DATA EXCERPT
_ _ _ _ _ _ _
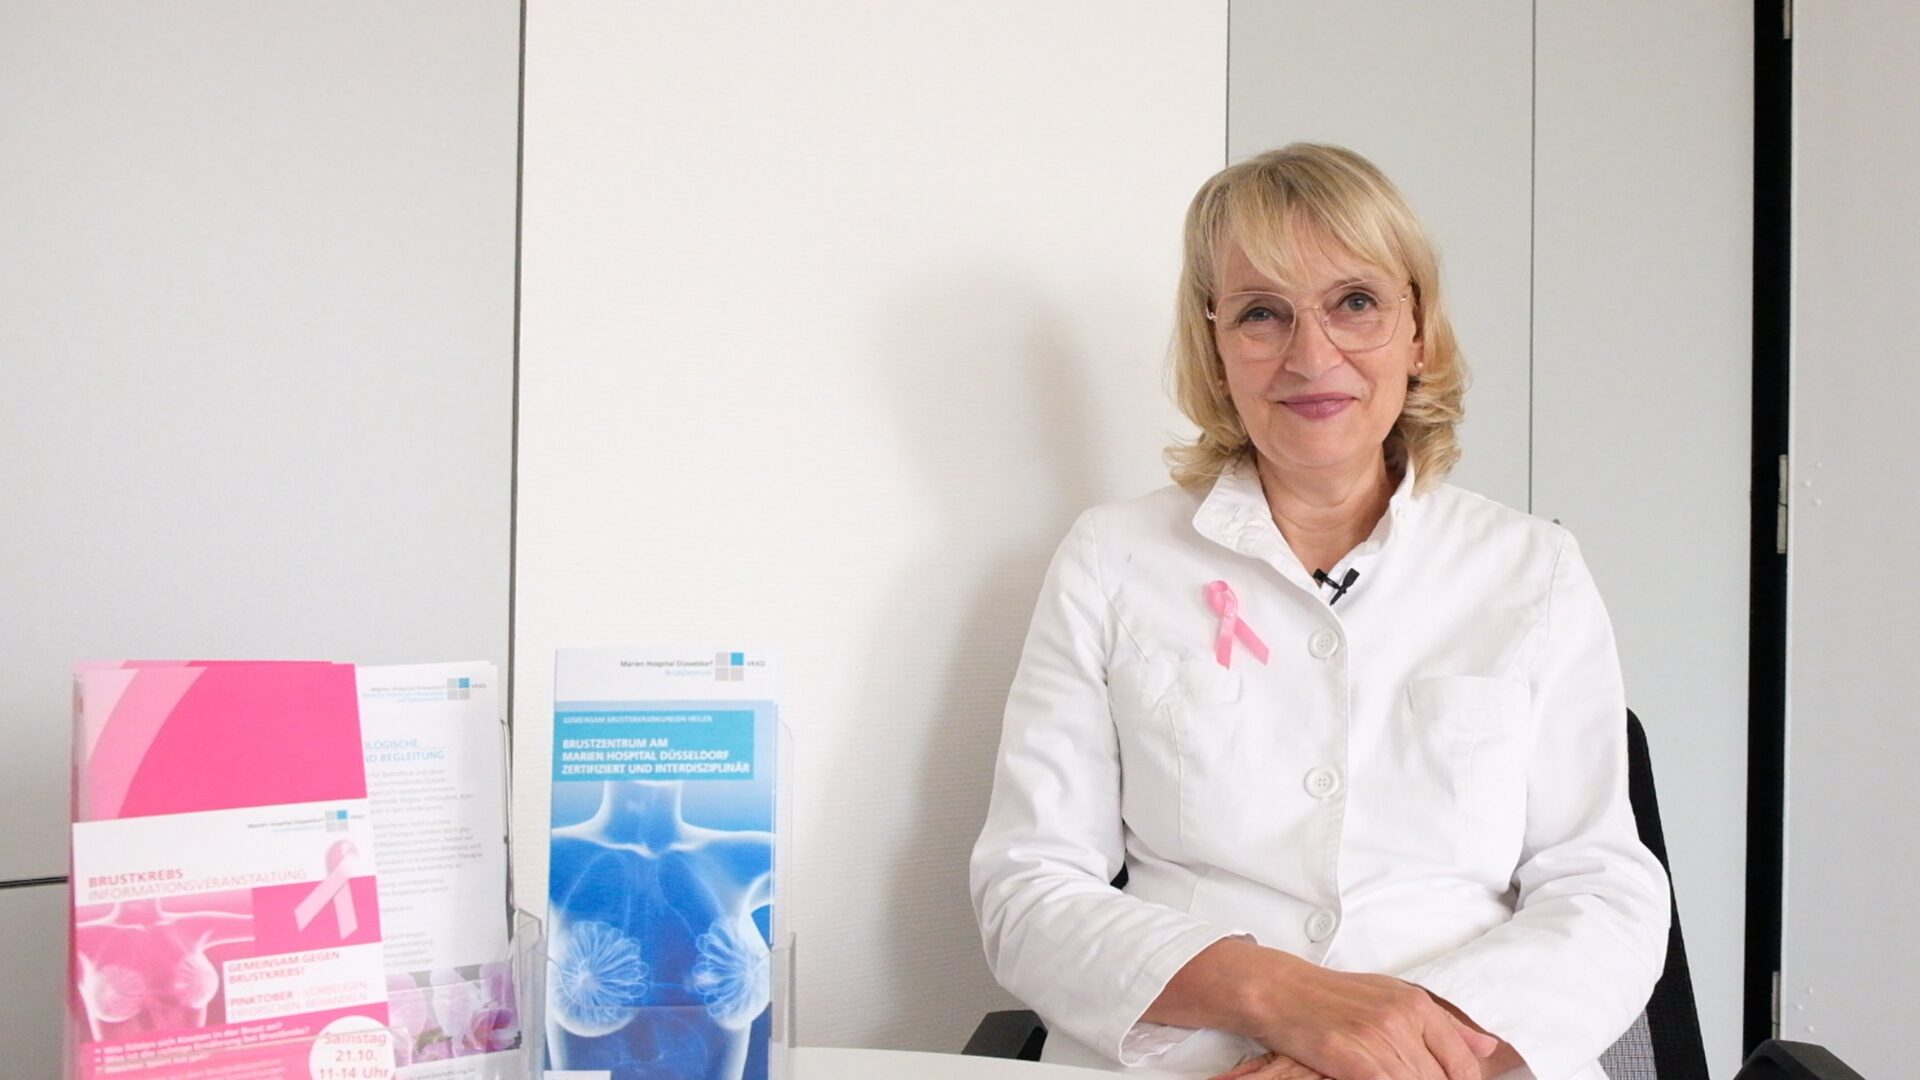 Frau Dr. Findt, Chefärztin Brustkrebszentrum Düsseldorf
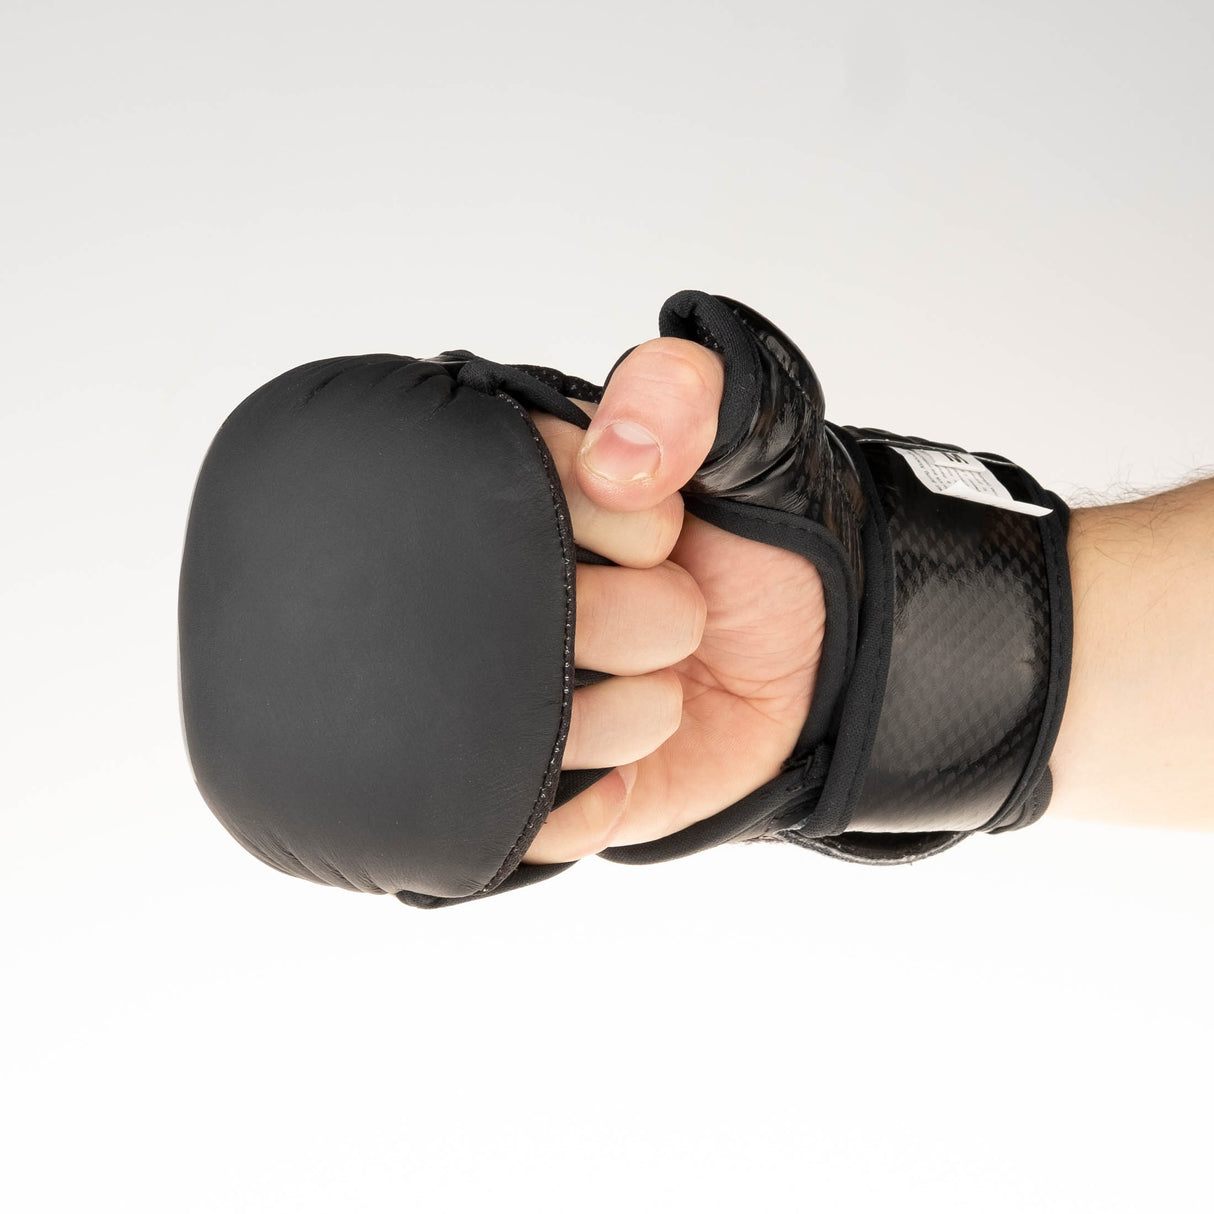 Gants d'entraînement Fighter MMA - noir, FMG-001BB
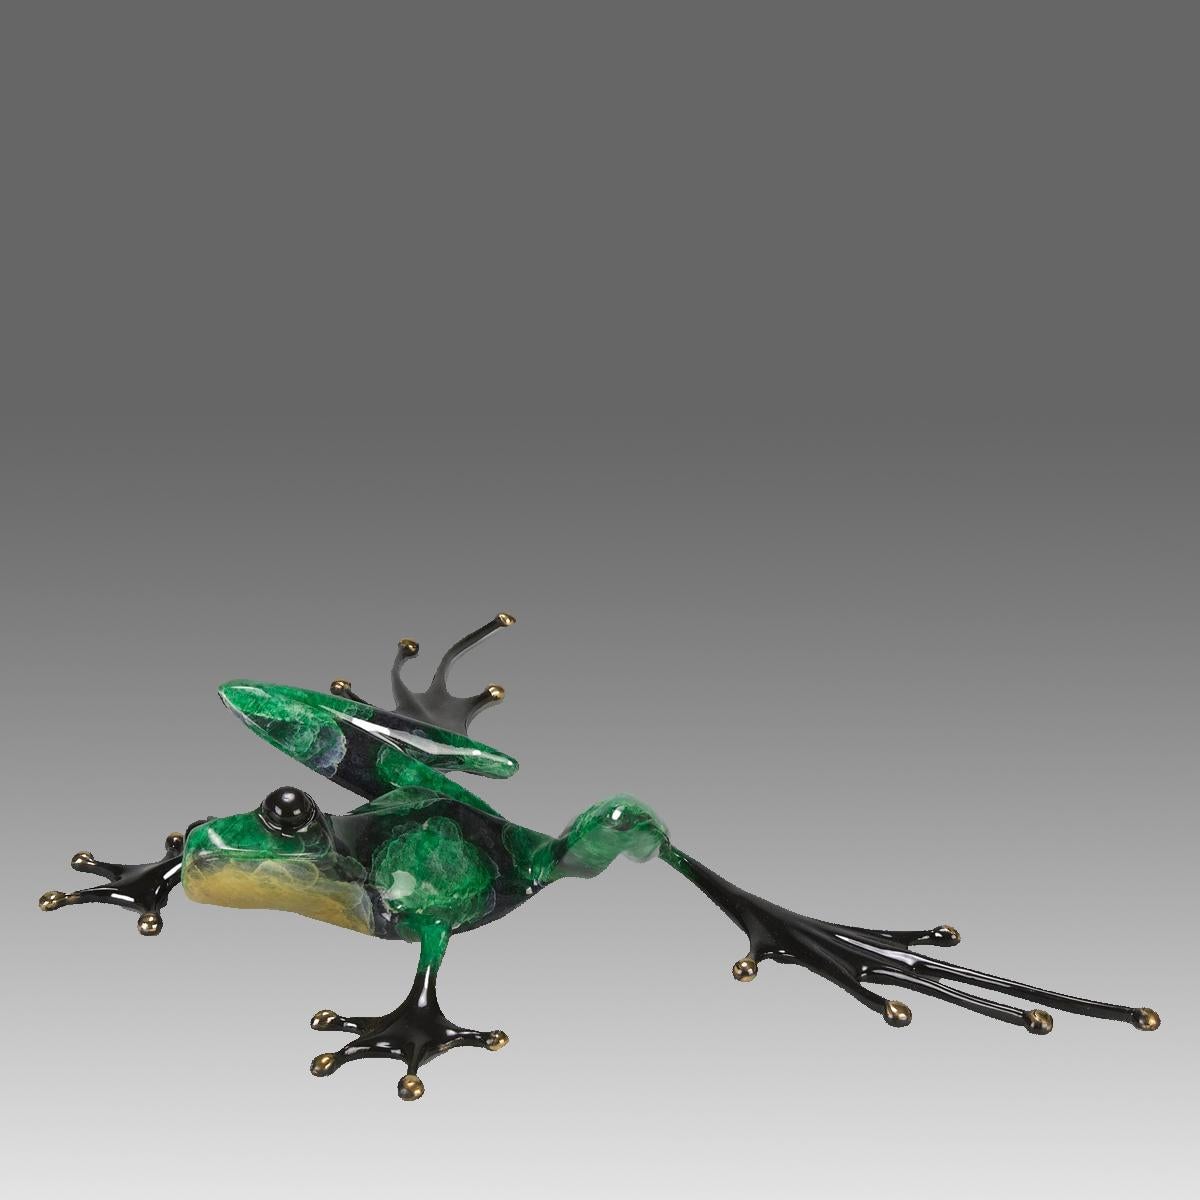 Eine attraktive Bronzestudie in limitierter Auflage, die einen grünen Frosch in gestreckter Haltung mit erhobenem Kopf zeigt, mit sehr feinen Emailfarben und ausgezeichneter taktiler Oberfläche, signiert Tim, nummeriert 817/5000 und
_ _ _ _ _ _ _
Starting at the line with "Gants d'entraînement Fighter" and stopping at the final line of the material, reproduce each line exactly, both ends included. Leave the pictures out.

ANSWER SPACE
 Gants d'entraînement Fighter MMA - noir, FMG-001BB
 Eine attraktive Bronzestudie in limitierter Auflage, die einen grünen Frosch in gestreckter Haltung mit erhobenem Kopf zeigt, mit sehr feinen Emailfarben und ausgezeichneter taktiler Oberfläche, signiert Tim, nummeriert 817/5000 und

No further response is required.